Después de pensar un momento, acepté aquella declaración.

—¿Quiere usted decir que un niño que nunca…?

—¡Para mí, no es un niño!

Apreté aún más.

—¿Quiere usted decir que un niño tiene que ser travieso? —y en seguida, anticipándome a su respuesta, continué—: Yo opino lo mismo. Claro que no hasta el grado de contaminar…

—¿Contaminar?

Aquella extraña expresión la había desorientado.

—Corromper —le aclaré.

Me miró fijamente mientras yo pronunciaba la nueva palabra, luego estalló en una extraña carcajada.

—¿Teme que Miles pueda corromperla?

Me hizo aquella pregunta con una ironía tan evidente, que tuve que reírme también, aunque un poco nerviosa tal vez, para no ponerme en ridículo.

Pero al día siguiente, poco antes de salir, volví a abordarla en otra parte de la casa.

—¿Cómo era la dama a la que he venido a sustituir?

—¿La última institutriz? Era también joven y guapa, casi tan joven y guapa como usted, señorita.

—¡Ah!, me imagino entonces que su belleza y juventud la ayudaron… —murmuré— parece que a él le gusta que seamos jóvenes y guapas.

—¡Desde luego! —afirmó la señora Grose—. Le gusta que todo el mundo sea así —y no bien había dicho aquello cuando se apresuró a añadir—: Me refiero, claro, al amo.

La aclaración me desconcertó.

—¿A quién se refería usted antes?

—Claro está que a él —dijo la señora Grose con voz neutra, pero ruborizándose.

—¿Al amo?

—¿A quién, si no?

Era tan evidente que no podía referirse a ninguna otra persona, que un segundo más tarde había dejado de pensar que la señora Grose había dicho por accidente más de lo que pretendía decir; y me limité a preguntarle lo que me interesaba saber.

—¿Vio ella algo en el niño que…?

—¿Que no estuviera bien? Nunca me habló de ello. Tenía algunos reparos, pero logré superarlos.

—¿Era una persona cuidadosa…?

La señora Grose parecía luchar por ser precisa.

—Sí… en determinadas cosas.

—¿Pero no en todas?

La señora Grose se quedó meditando un instante.

—Bueno, señorita, ella ya ha muerto; no quiero andar contando historias.

—Comprendo muy bien sus sentimientos —me apresuré a responder; pero al cabo de unos instantes me pareció que a aquella concesión no se oponía preguntarle—: Murió aquí?

—No… Ya se había marchado.

No sé por qué la concisión de la señora Grose me pareció tan ambigua.

—¿Se marchó… para morir? —insistí.

La señora Grose miró hacia la ventana, pero a mí me parecía que tenía derecho a saber qué les aguardaba a las jóvenes institutrices de Bly.

—¿Quiere decir que enfermó y regresó a su casa?

—No enfermó, que yo sepa, aquí.

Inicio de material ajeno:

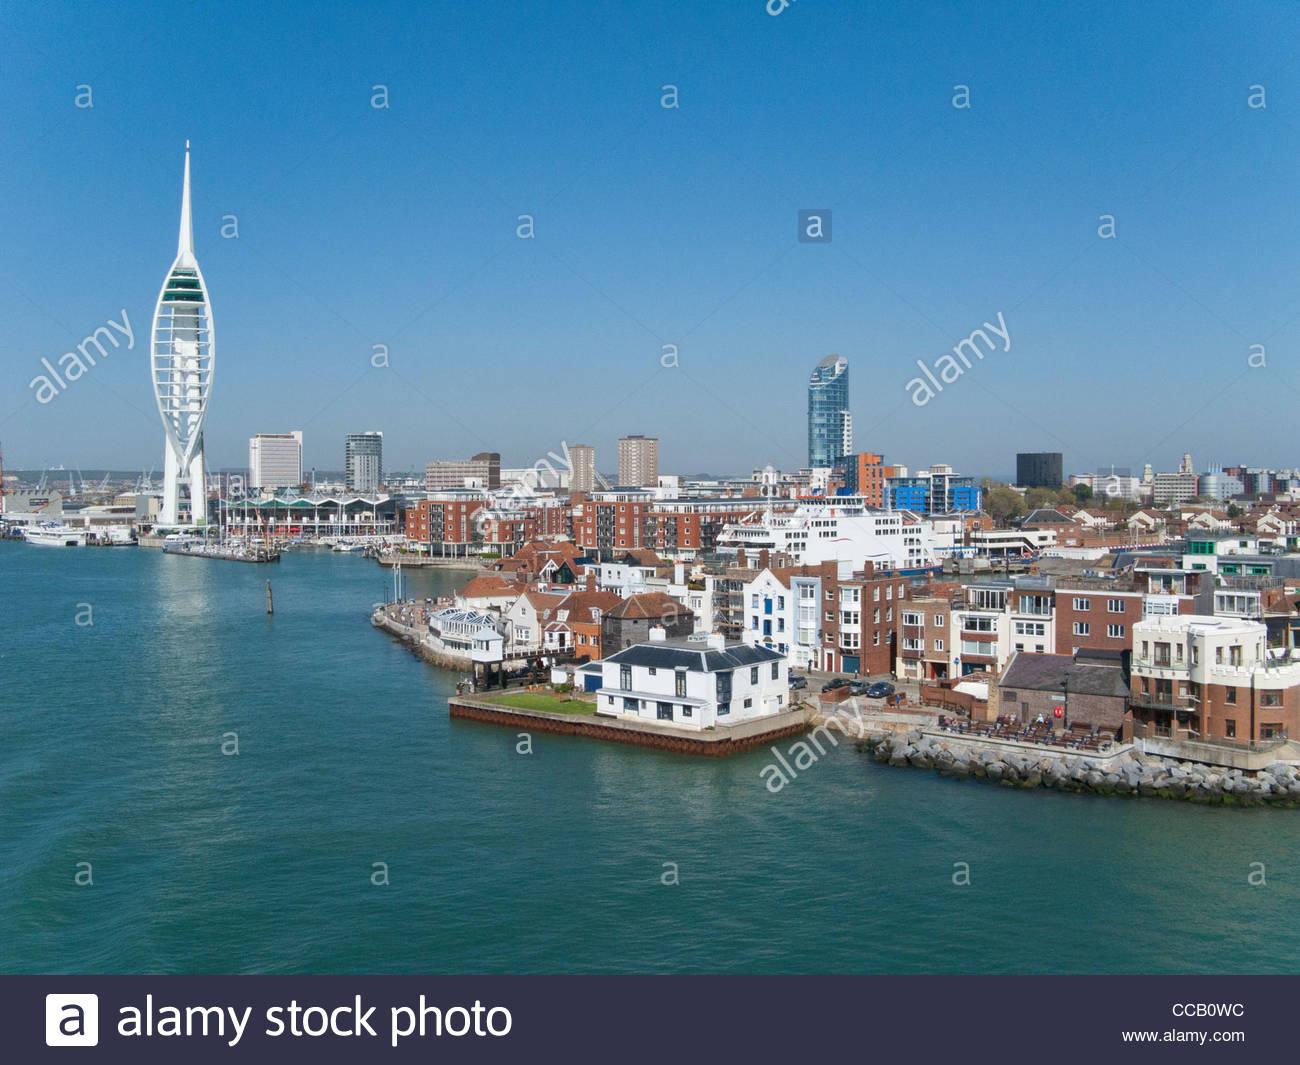 Stadtbild von Portsmouth mit modernen Turm im Hintergrund Stockbild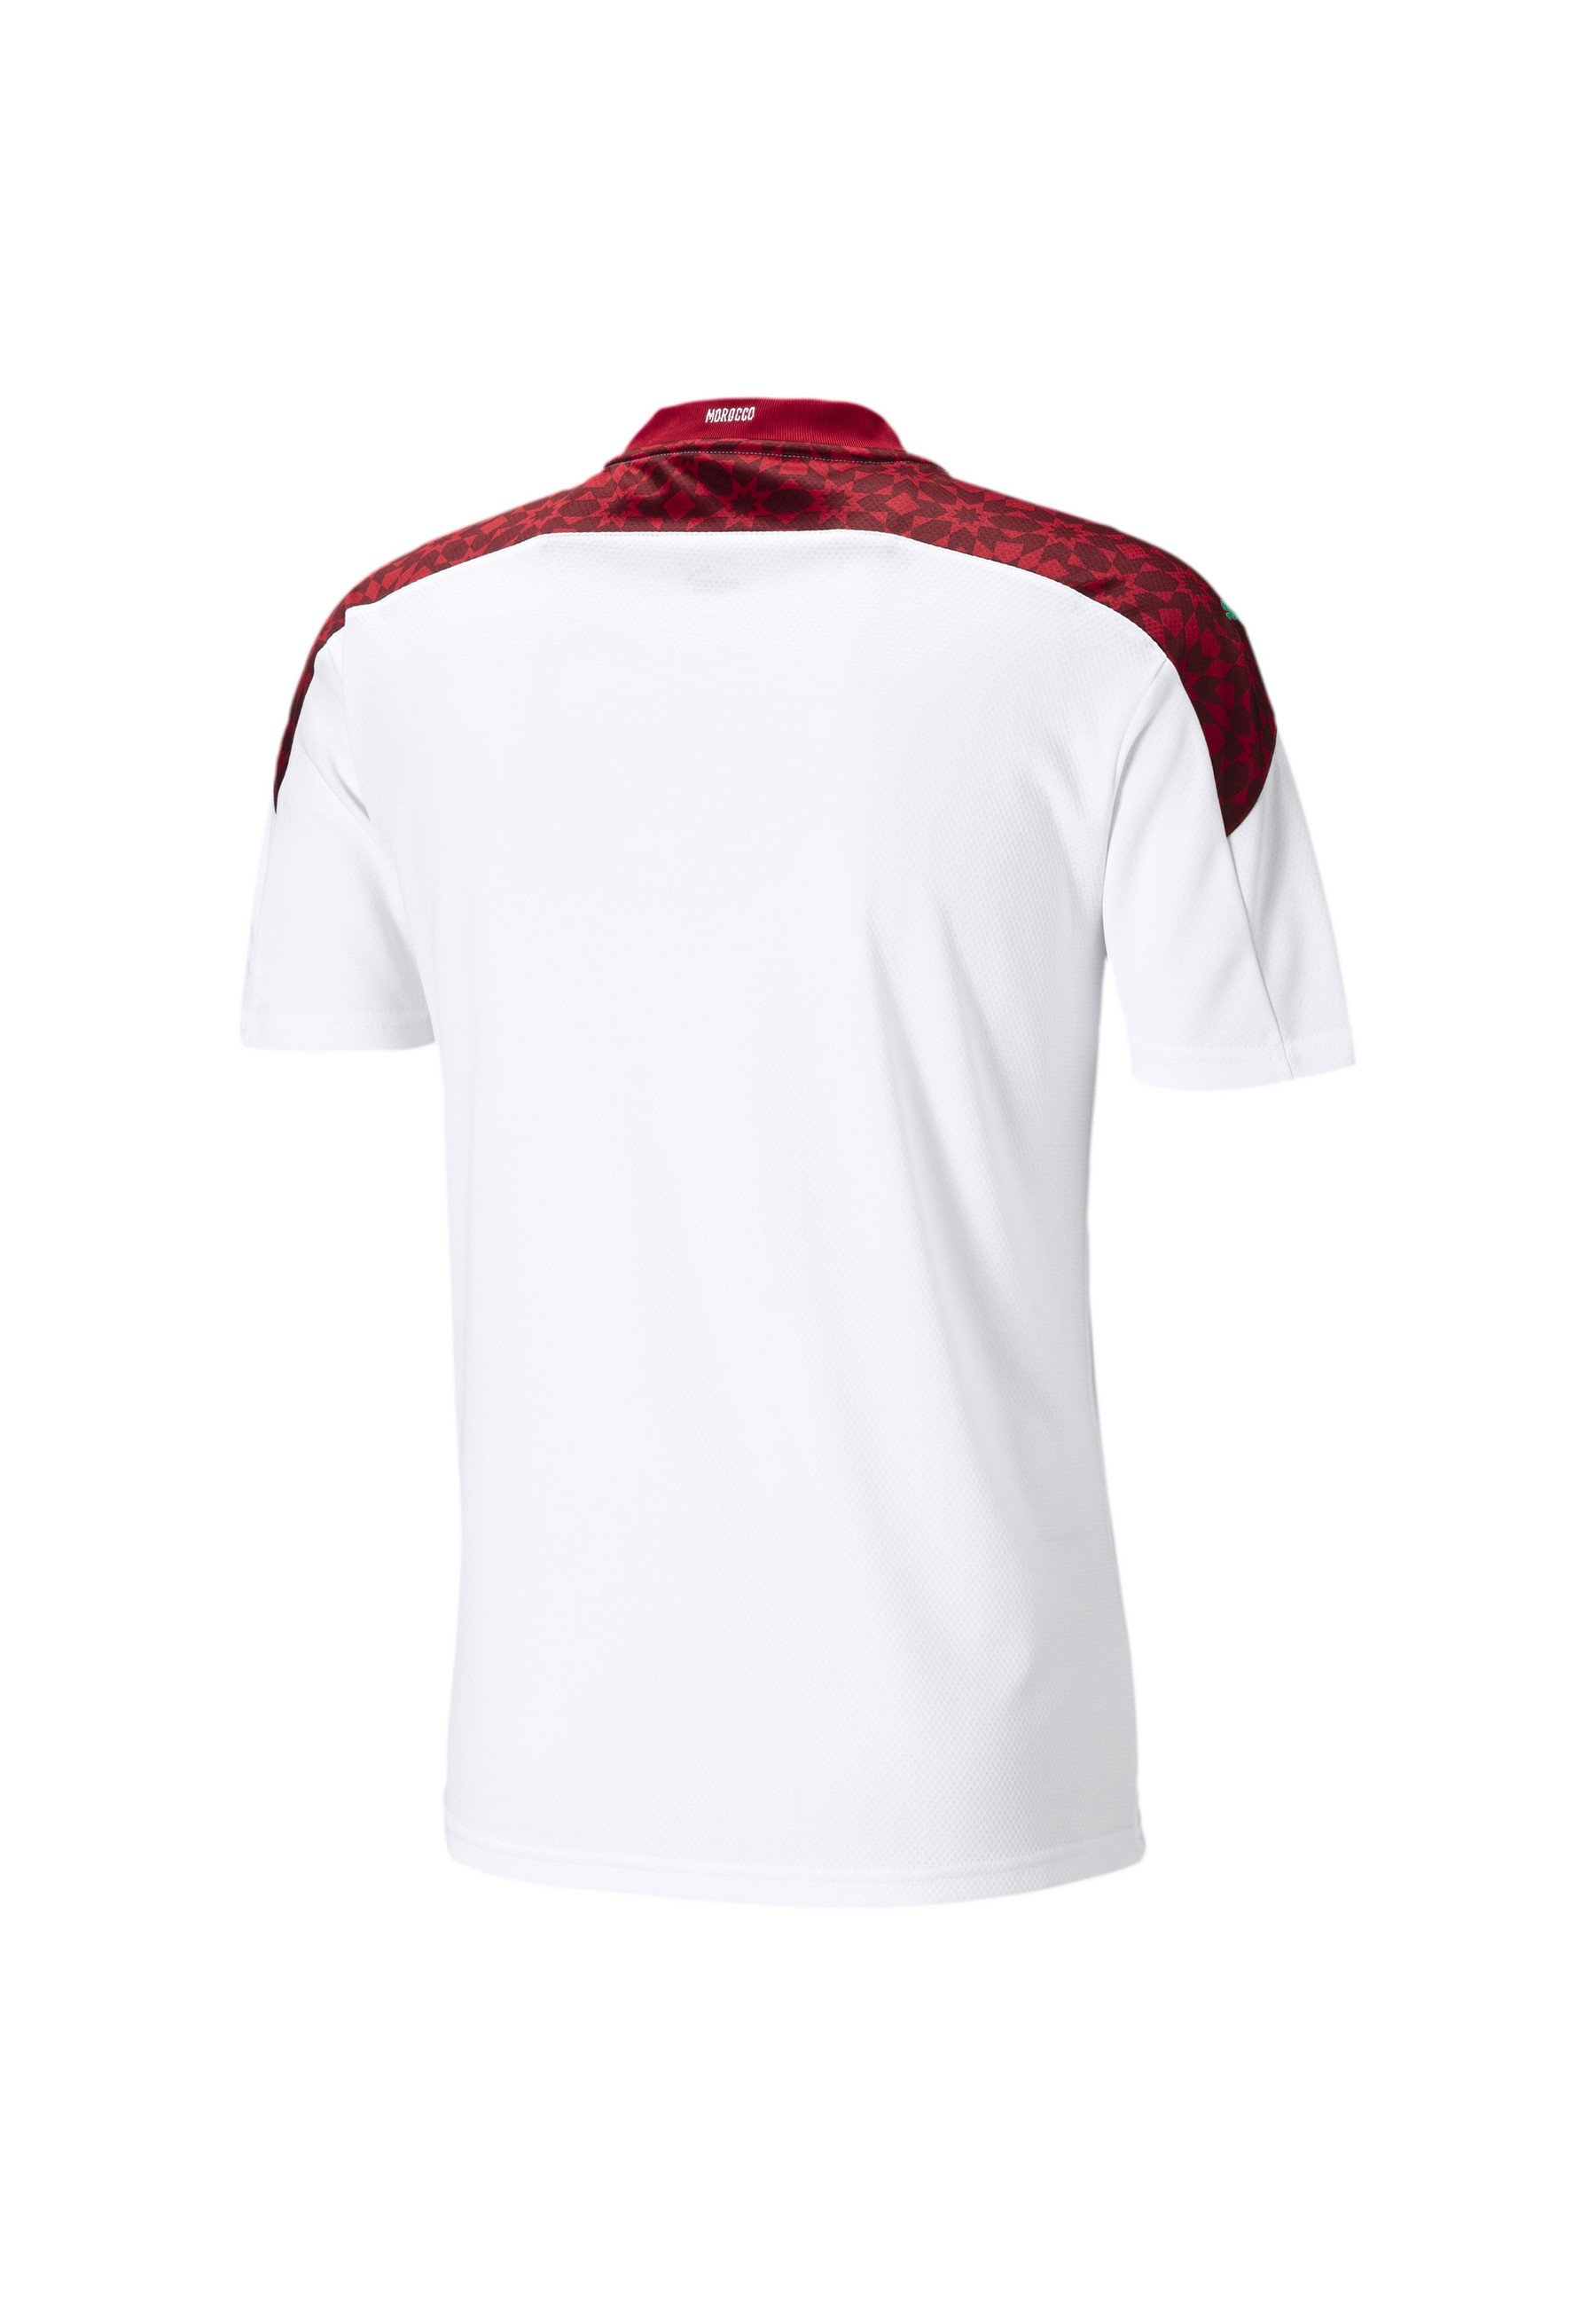 Homme MOROCCO AWAY REPLICA  - T-shirt imprimé

Se marchó a su casa, a fin de año, para pasar allá unas breves vacaciones a las que, sin duda, tenía derecho, después del tiempo que llevaba aquí. Teníamos entonces a una niñera, una joven que había continuado con nosotros y era buena y competente. Aceptó quedarse con los niños durante ese tiempo. Pero nuestra institutriz no volvió y, precisamente cuando la estábamos esperando, me informó el amo que había muerto.